From the New York Times:
The National Football League reached agreement on a new labor deal with its game officials late Wednesday night, ending a lockout that forced unprepared replacement officials onto the field, creating three weeks of botched calls, acute criticism, furious coaches and players, and a blemish however temporary on the integrity of the country’s most popular sport.
How strange that the football referee labor dispute causes more of an outcry than the teacher labor dispute in Chicago. The bottom line is Americans think football is more important than education. Perhaps it is.
ABC news reports:
An annual league contribution would be made on behalf of each game official that will begin with an average of more than $18,000 per official and increase to more than $23,000 per official in 2019, and there would be a partial match on any additional contribution that an official makes to his 401(k) account.
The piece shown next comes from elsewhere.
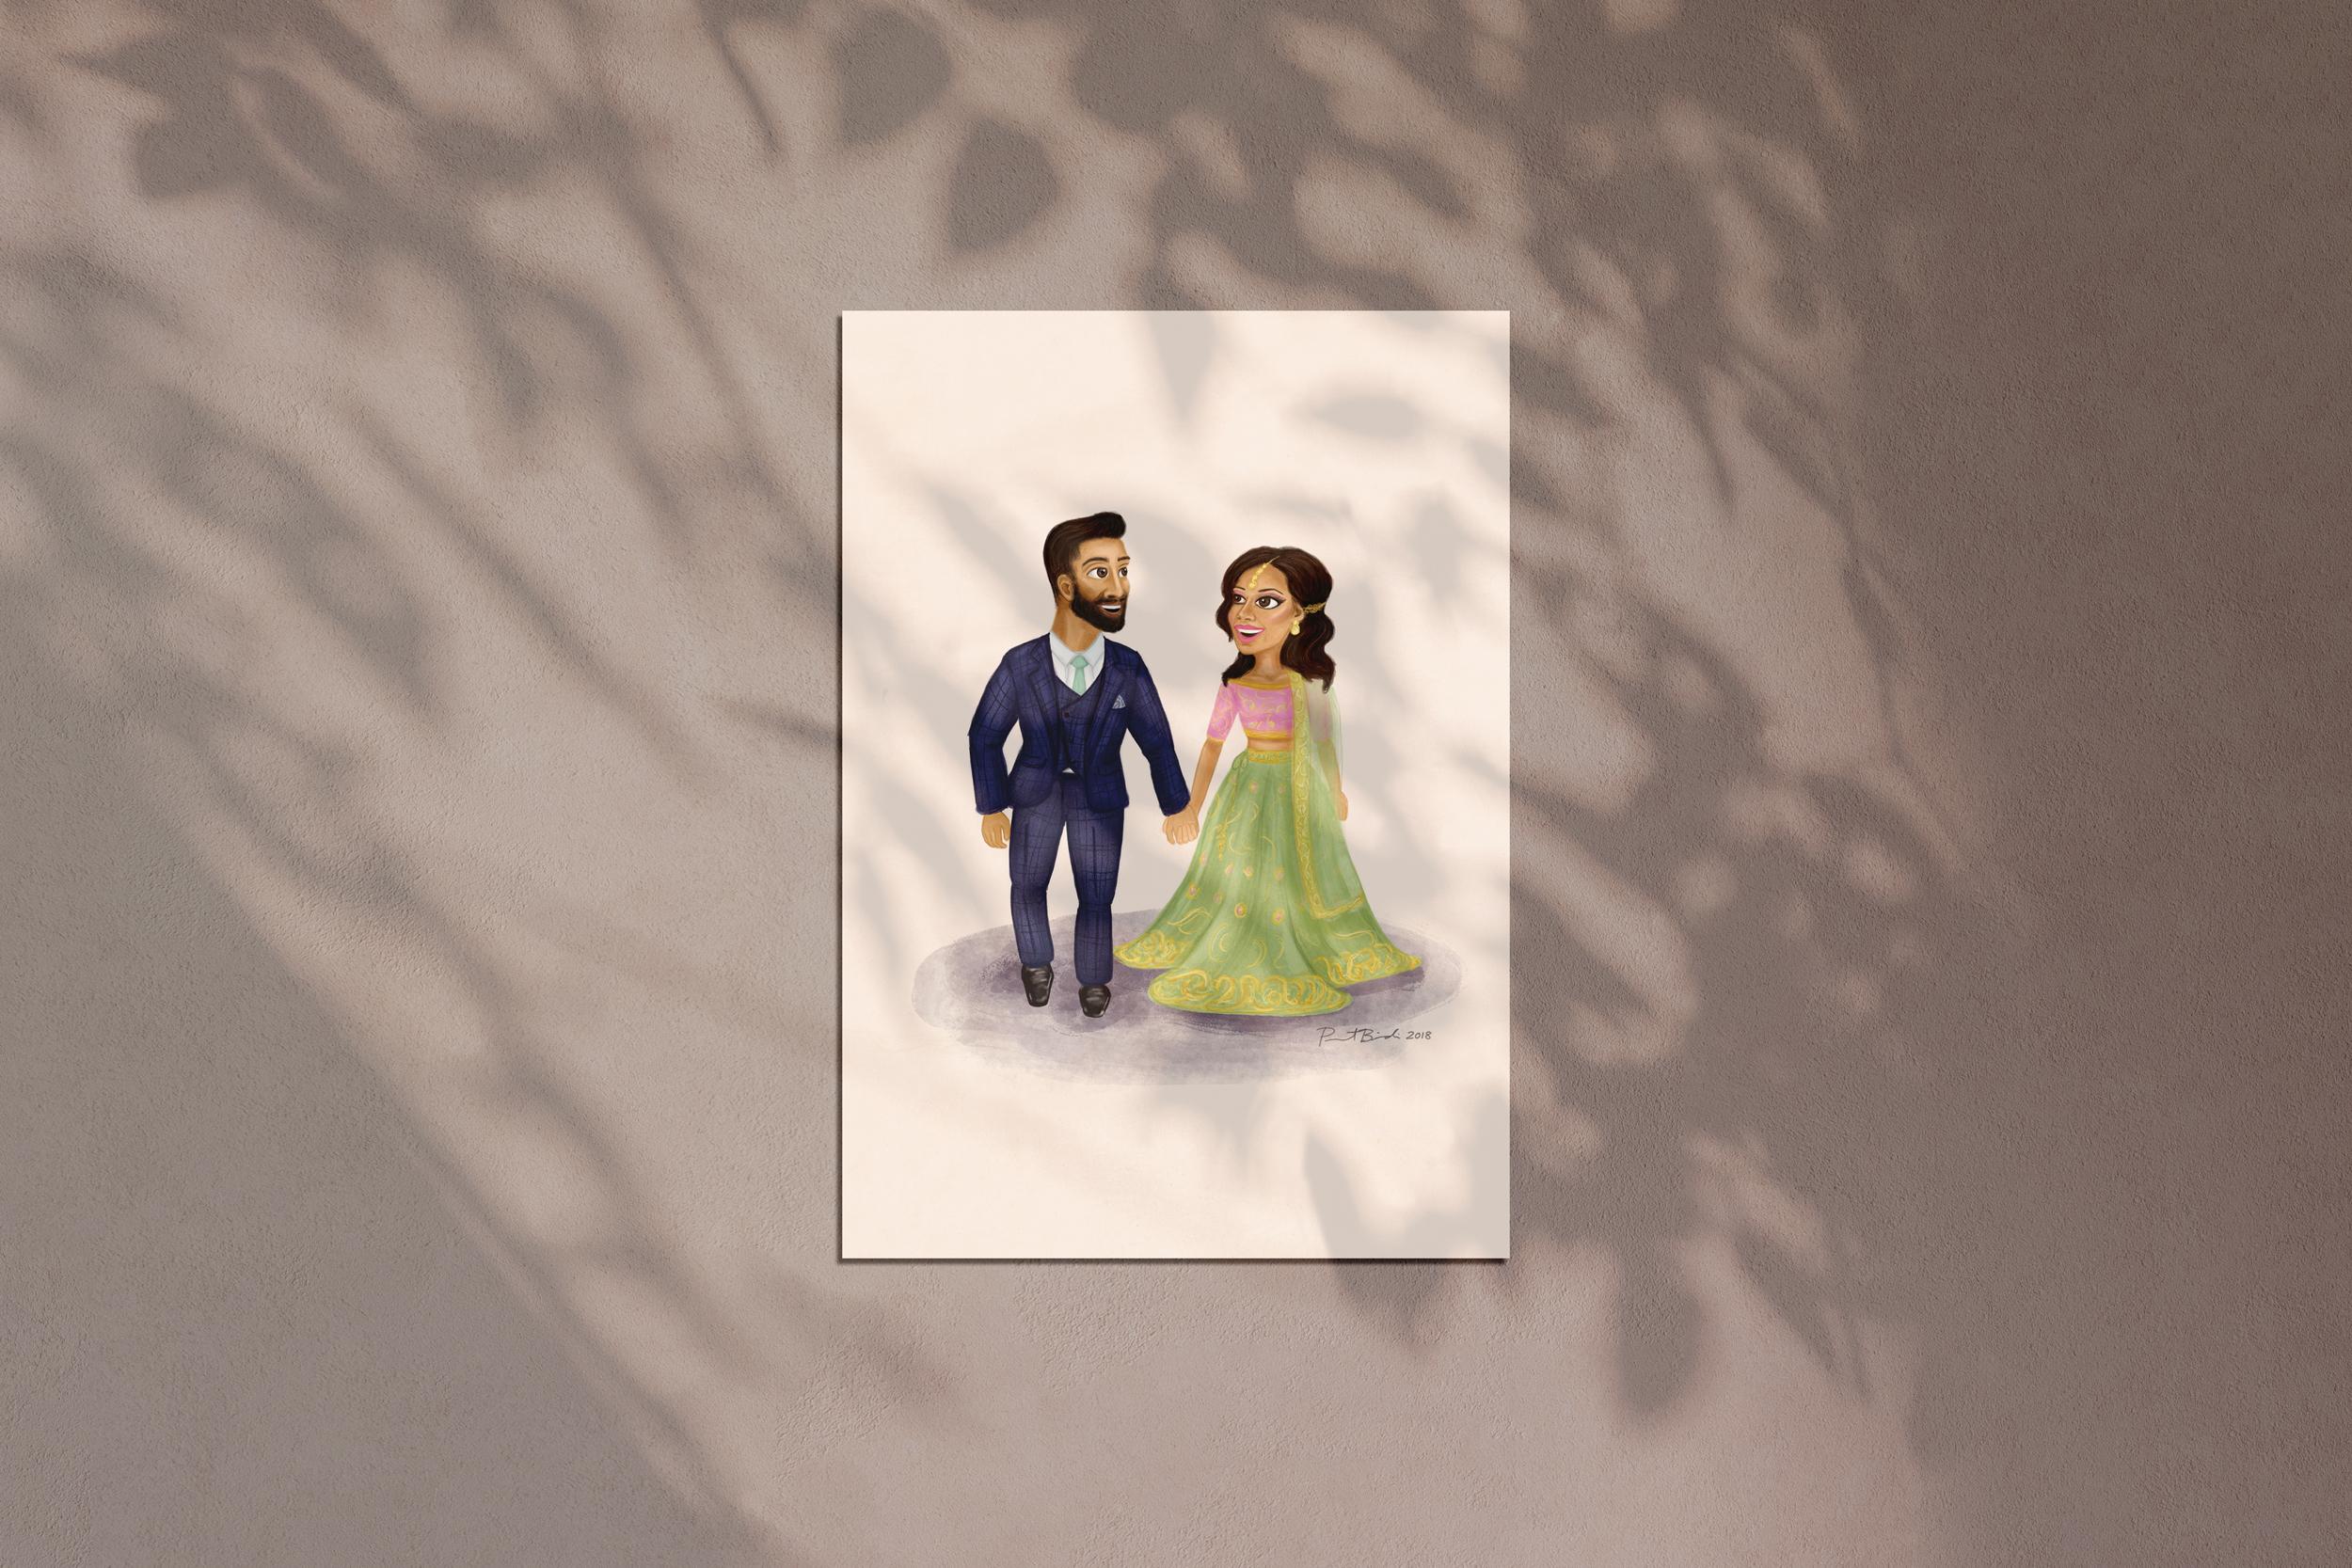 Cartoon illustration of Avi & Navi

Apart from their benefit package, the game officials’ compensation would increase from an average of $149,000 a year in 2011 to $173,000 in 2013, rising to $205,000 by 2019.
No one interviewed was on the side of the NFL.
In football, the substitutes are idiots. In the classrooms, probably the substitutes would win, regardless of their qualification.
Most of the labor dispute with the referees was over pensions. Do referees deserve pensions? What if they wouldn’t return to work without a contract for a pension? Would you support them getting one?
Too bad that people value referees more than they do their teachers.
Maybe there’s more money involved? And don’t forget the betting.
I don’t see the issue here. The replacement refs were just redistributing wins to the less fortunate teams.